Flint drew inspiration from another Japanese technique — the charred wood look of shou sugi ban — for the faux-bois Ash from the Authenticity series. A design-forward store could use this for retail fixtures, she suggests, as what she calls the “characters and cathedrals in the wood” would add color and visual interest, whether used in the dark tone Chocolate Ash, the warmer Cottage Ash or the whitewashed Bright Ash.

During their Brooklyn travels, Flint and her team happened to look under a stone and discovered a piece of wood with a glorious set of grains, now embodied in Woven Oak. Currently, popular café and restaurant looks include pressed tin ceilings which inspired Piedra Flor, a design that boasts overlapping botanical circles in a rich charcoal color.
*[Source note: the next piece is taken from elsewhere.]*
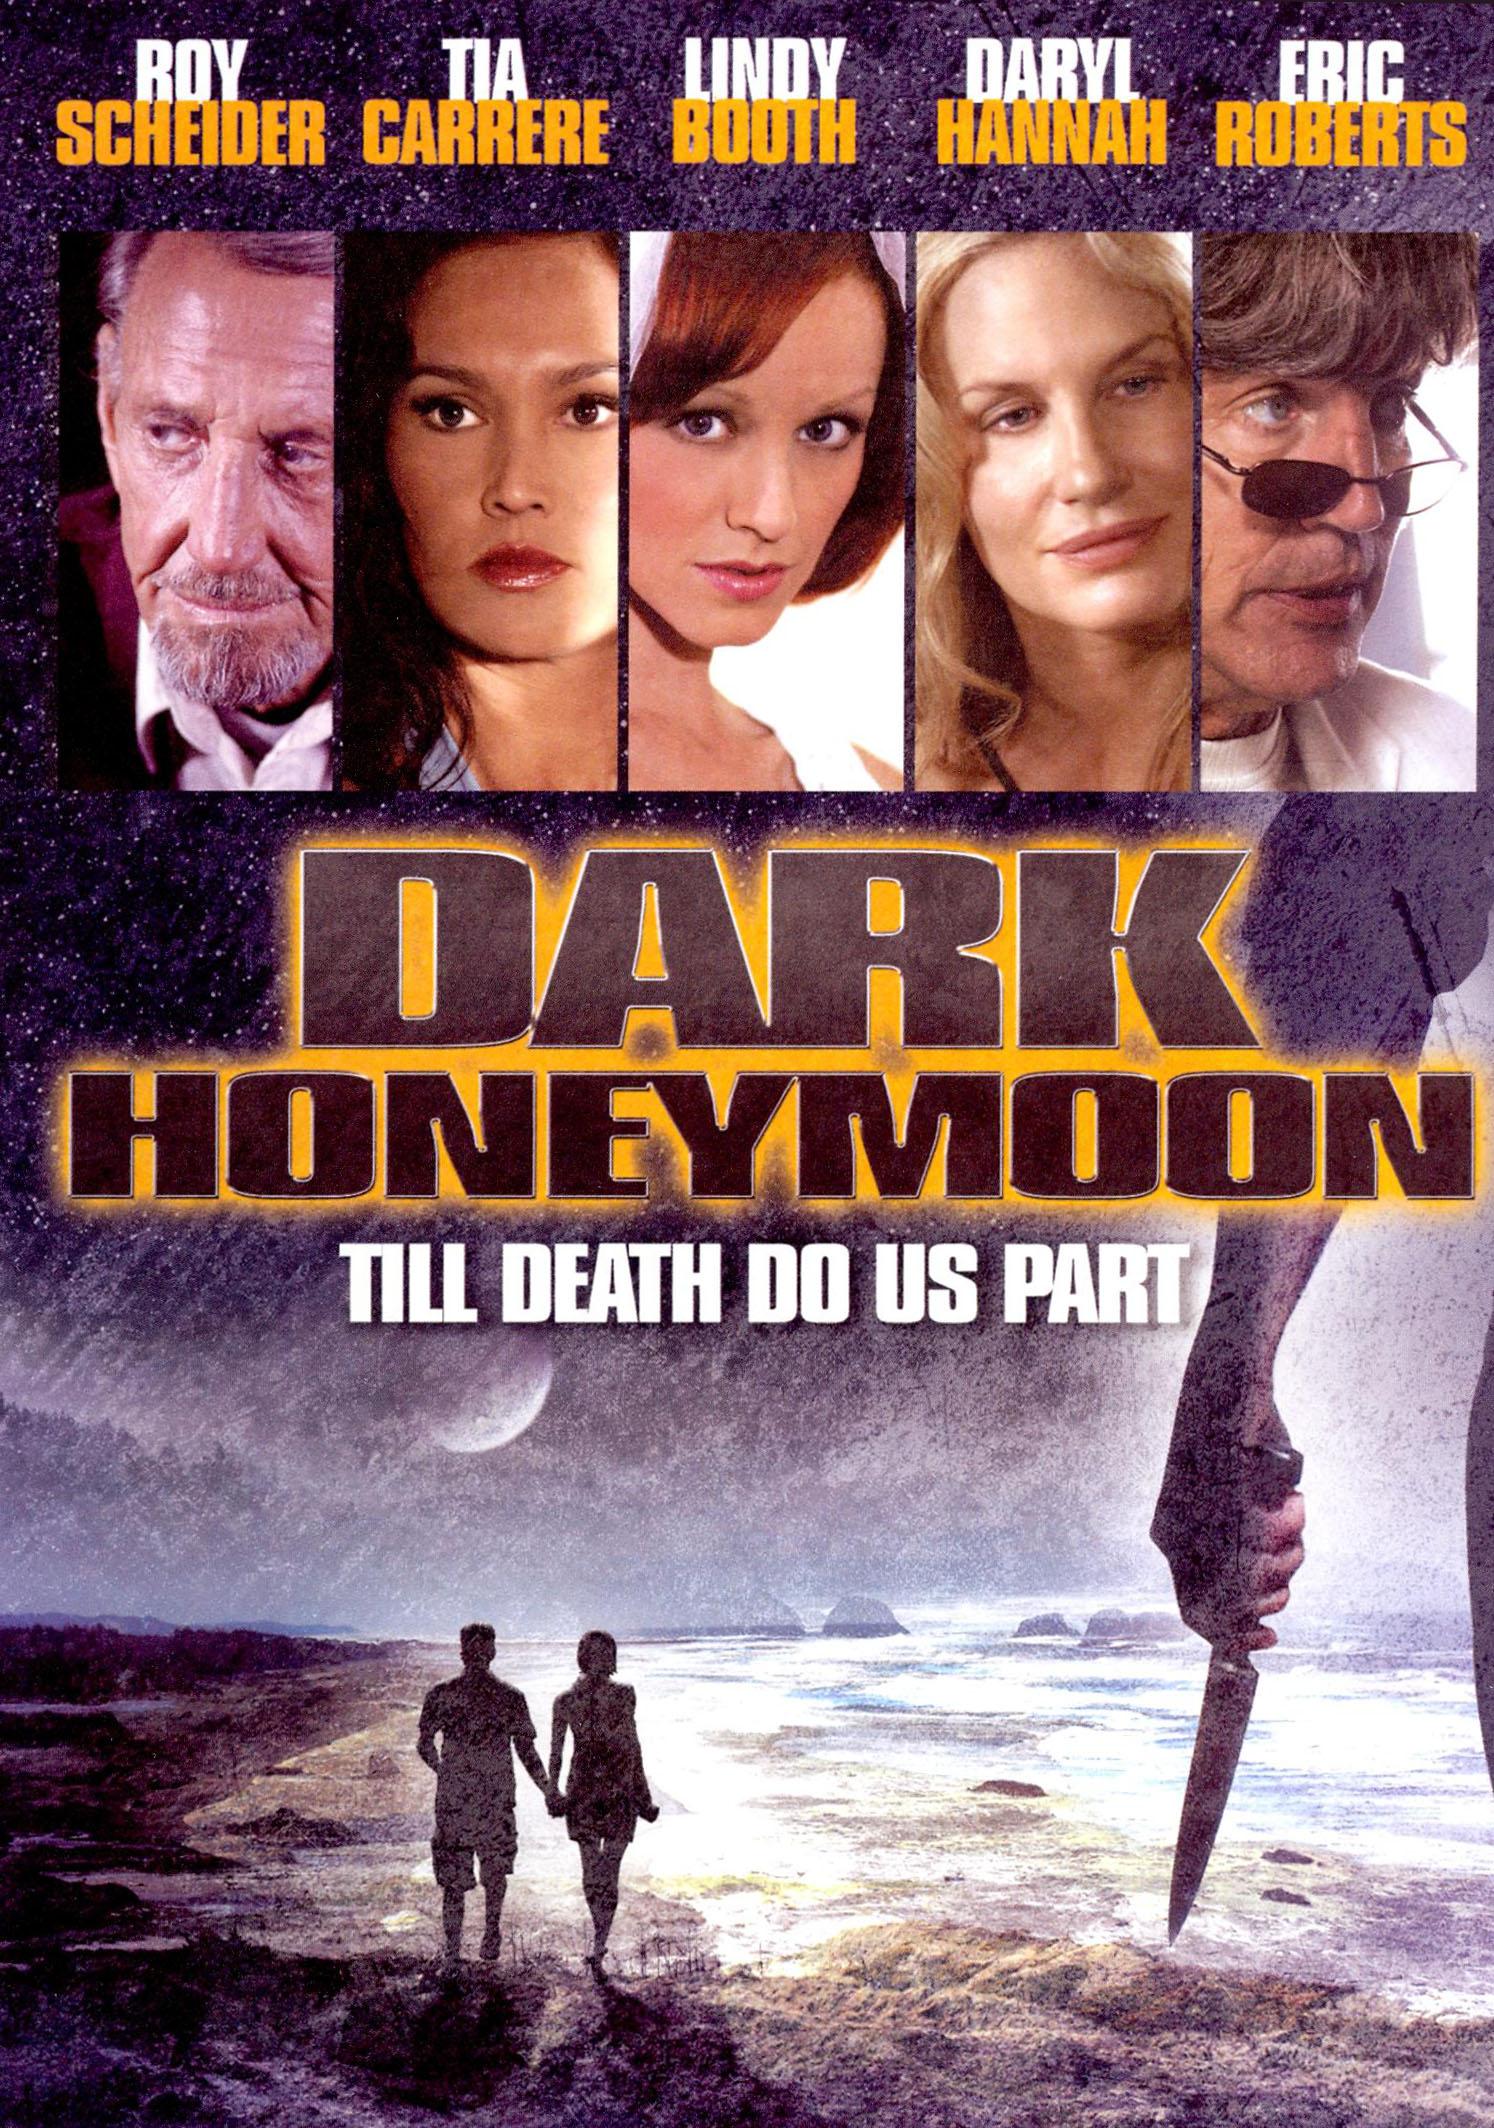 Dark Honeymoon (2007) - Phillip Leftfield

Other patterns include Tweedish, an eye-popping take on the classic cloth, with chevron style red lines across a white background; and a highly textured Linear Graphite.

With an ever-expanding collection of fresh and innovative laminate designs, Wilsonart’s Virtual Design Library gives consumers an opportunity to make every space truly unique. “These designs really are ideal offerings for the consumer,” Flint says. “But I want to challenge designers to look at these beautiful and durable surfaces and explore new ways to use it.” In other words, to be as forward-thinking and unique as the borough that inspired them.